Cela est attribué aux grandes différences de conductivité
et de longueur de relaxation de spin entre ces deux types
de matériaux. Ce problème pourrait être résolu avec des
contacts Schottky ou à effet tunnel [11], ou bien en
utilisant des matériaux magnétiques aux propriétés de
transport plus proches des semiconducteurs, c'est-à-dire
des composés II-VI ou III-V alliés au Mn. Il a été en
effet démontré expérimentalement que BeMnZnSe [12]
ou GaMnAs [13] constituaient d'efficaces polariseurs de
spin. Néanmoins, des difficultés subsistent quant à
l'utilisation de ces deux types de matériaux. Les II-VI
magnétiques ne constituent d'efficaces filtres à spin qu'à
très faibles températures et sous forte excitation
magnétique ou optique. Si les III-V alliés au Mn
peuvent être ferromagnétiques jusqu'à un peu plus de
100 K, leur utilisation est rendue délicate par le fait que
le Mn constitue un dopant accepteur pour GaAs.

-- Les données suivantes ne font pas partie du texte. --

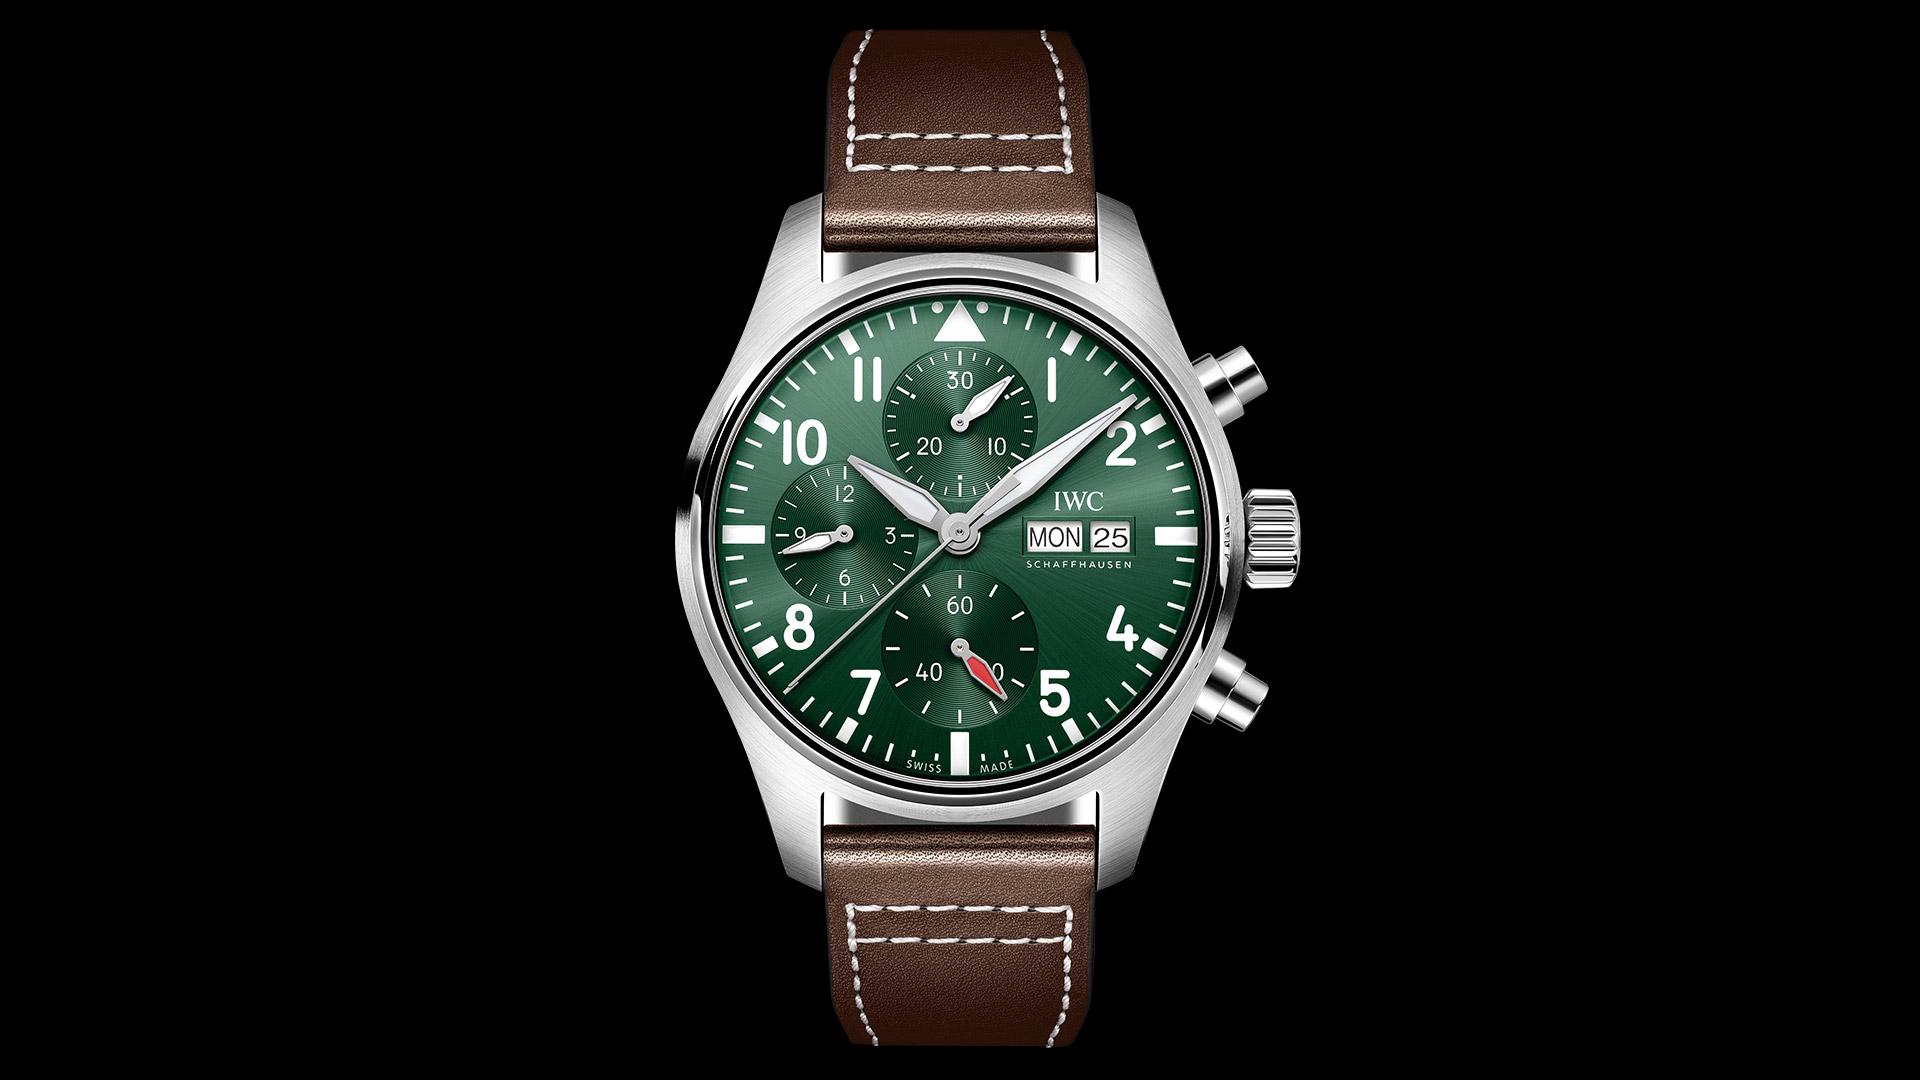 IWC-Pilot's-Watch-Chronograph-41mm

D'autres matériaux incluant des ions "magnétiques"
(métaux de transition) sont étudiés actuellement, comme
CrAs [14] ou ZnCoO [15]. Si les premiers résultats sont
prometteurs, ces études de nouveaux matériaux pour
l'électronique de spin doivent encore être poursuivies
pour véritablement aboutir.
Pour ce qui est de la collection sélective en spin, un
autre problème lié au semiconducteur existe et pourrait
expliquer l'échec des mesures de collection dépendant
du spin dans des simples contacts établis entre un métal
ferromagnétique et GaAs. Dans ce type d'expériences,
des électrons polarisés en spin sont photogénérés dans
un substrat GaAs dopé P et on étudie la variation du
courant collecté par un contact Schottky ou tunnel
ferromagnétique, déposé sur GaAs, en fonction des
orientations relatives du moment magnétique du contact
et des spins majoritairement générés dans le
semiconducteur. Cette variation relative est désignée par
la suite comme "l'asymétrie en spin" du photocourant.

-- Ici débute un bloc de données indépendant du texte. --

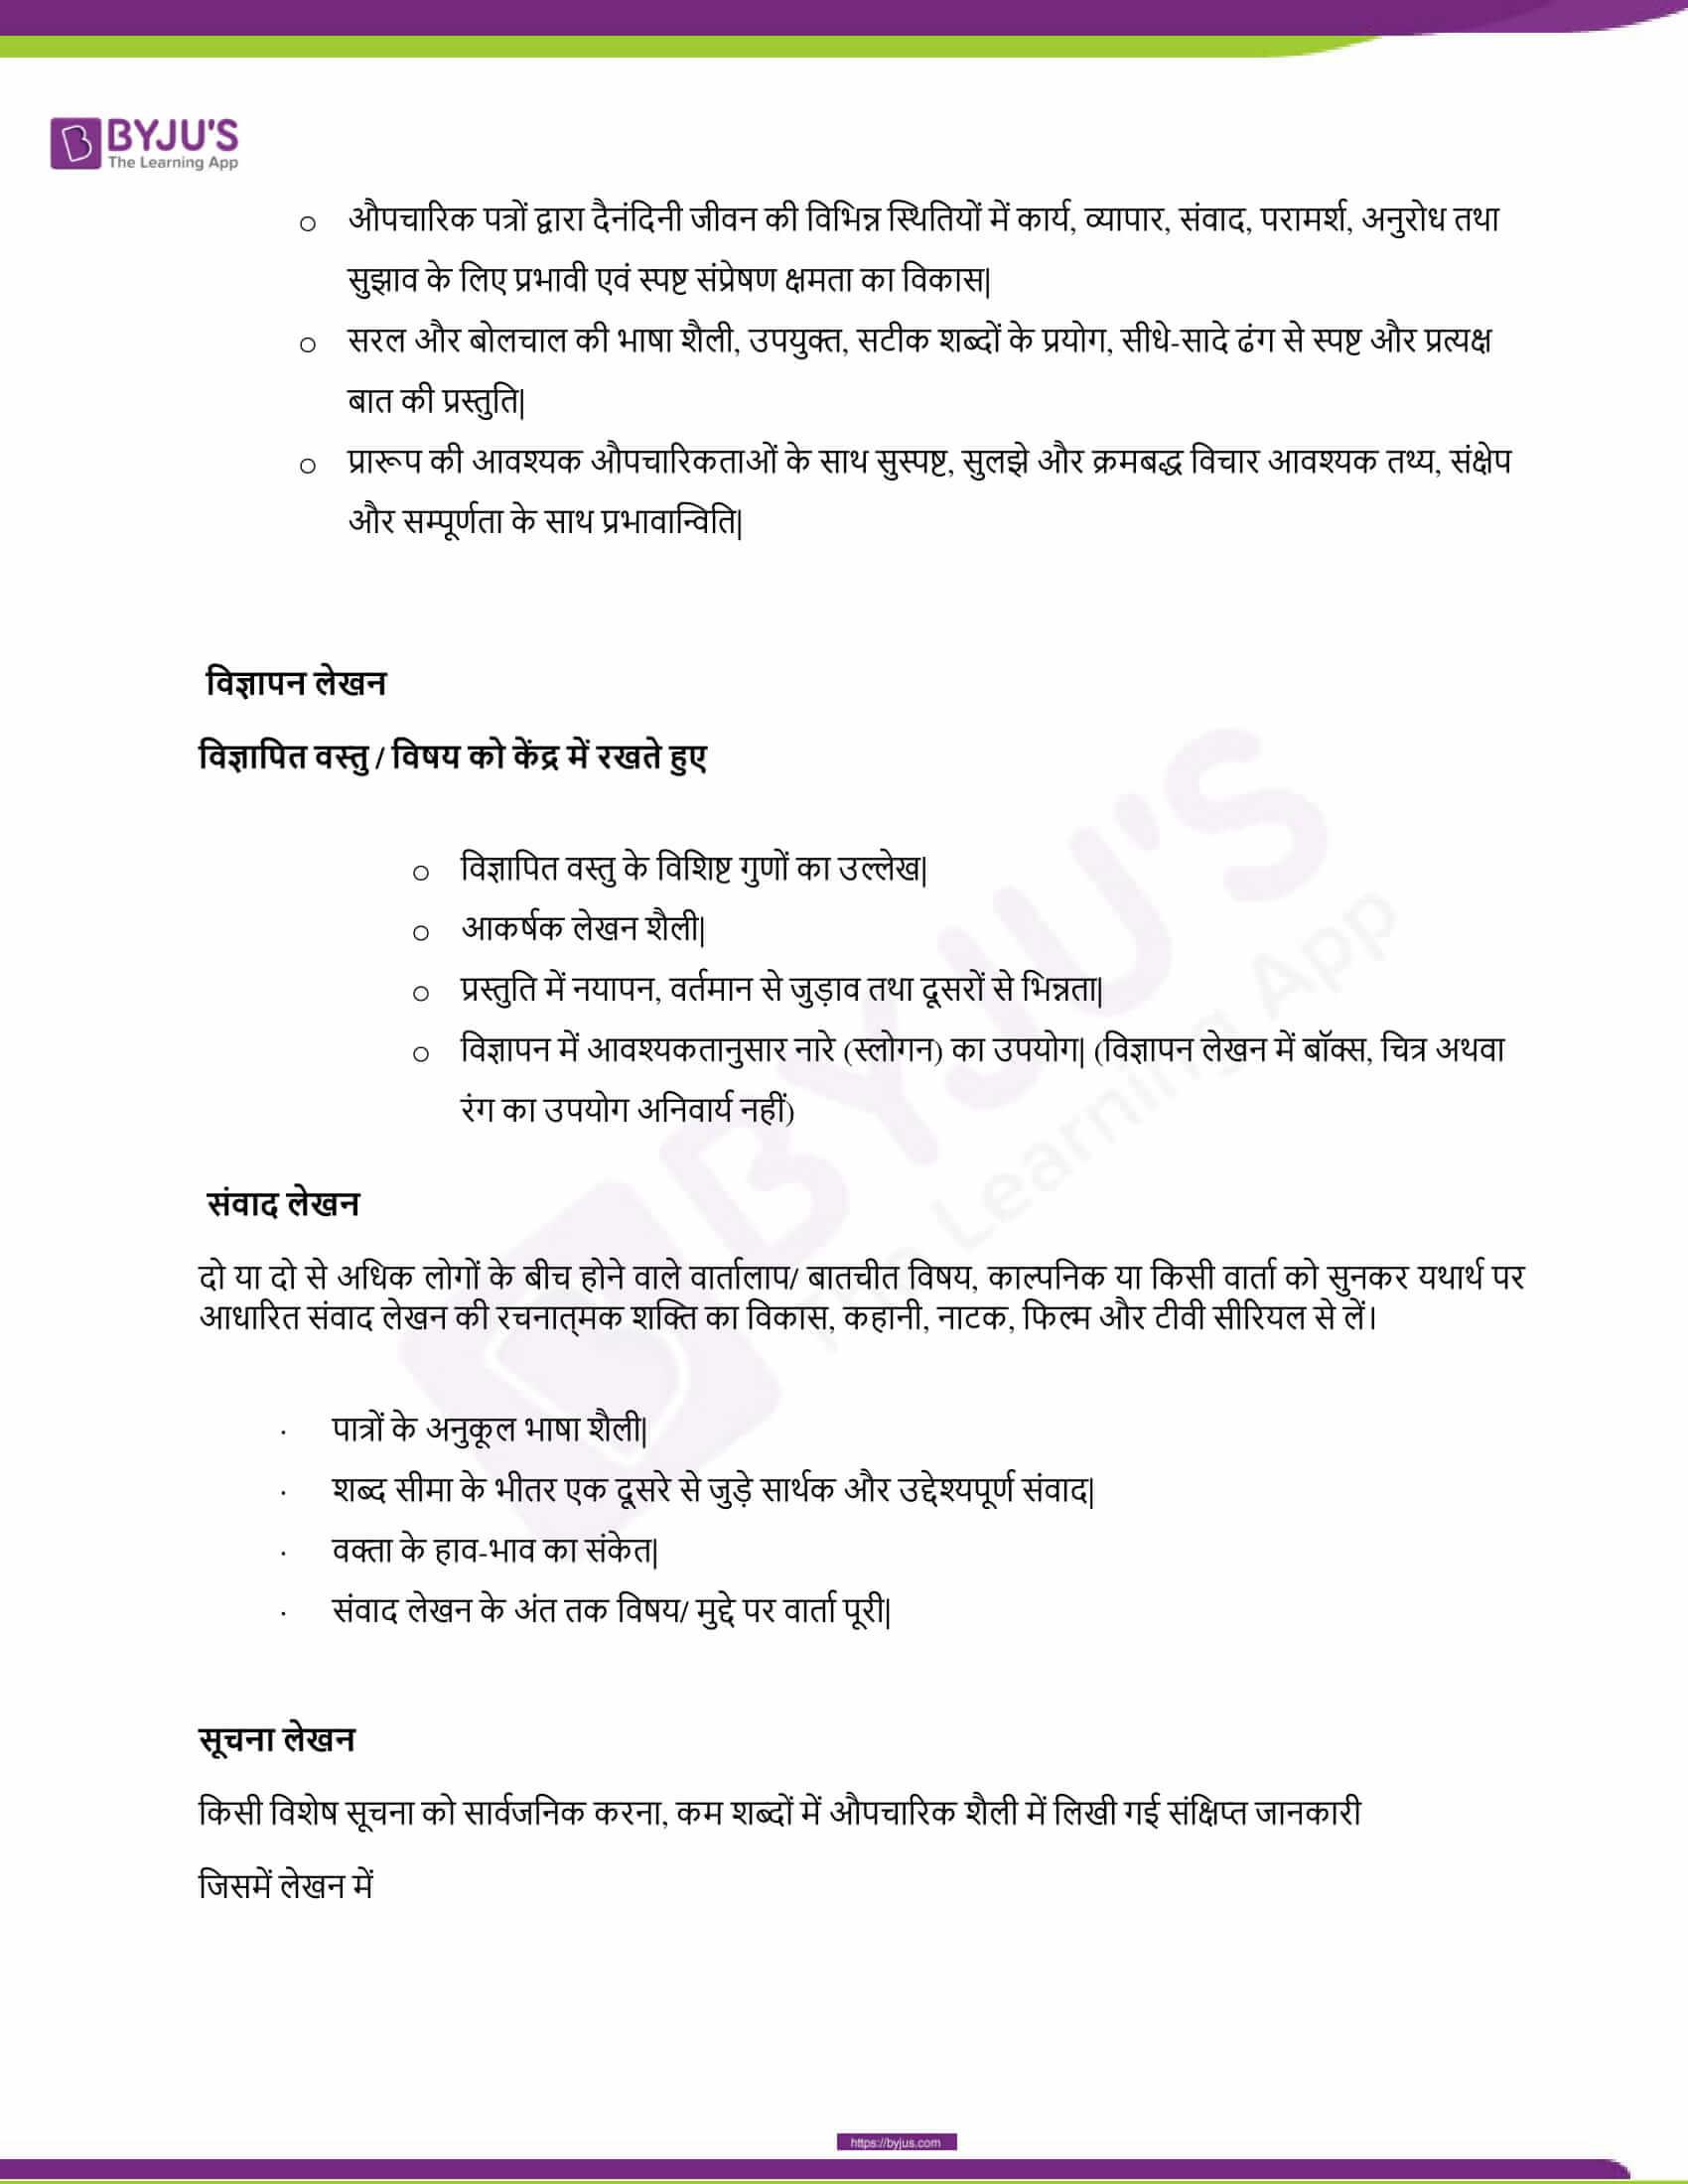 CBSE Class 10 Hindi Course B Revised Syllabus 2020 21 06

Jusqu'à présent, les effets mesurés restent de l'ordre de
1%. Cependant, même si l'interface
ferromagnétique-semiconducteur est intrinsèquement
sélective en spin, l'asymétrie en spin effective peut être
fortement réduite du fait des caractéristiques du
transport électronique dans GaAs. Afin que l'excès
d'électrons dû à la photogénération dans GaAs soit
éliminé tout en conservant une forte asymétrie en spin
du photocourant, il faut que les électrons a priori non
collectés par le ferromagnétique, car de la mauvaise
orientation de spin, se recombinent avant de perdre leur
cohérence de spin. Or les temps typiques de
recombinaison sont nettement plus grands que les temps
de relaxation de spin électronique et encore plus grands
que les temps de collection. Le contact ferromagnétique
ne peut donc jouer son rôle de filtre à spin. Pour pallier
cette difficulté, nous proposons de déposer sur GaAs
deux contacts "en peigne" (cf. Figure 4) : des contacts
larges non magnétiques (NM) pour réguler l'excès
d'électrons dû à l'éclairement, avec des "doigts"
intercalés de contacts ferromagnétiques (FM) qui jouent
alors leur rôle d'analyseur de spin.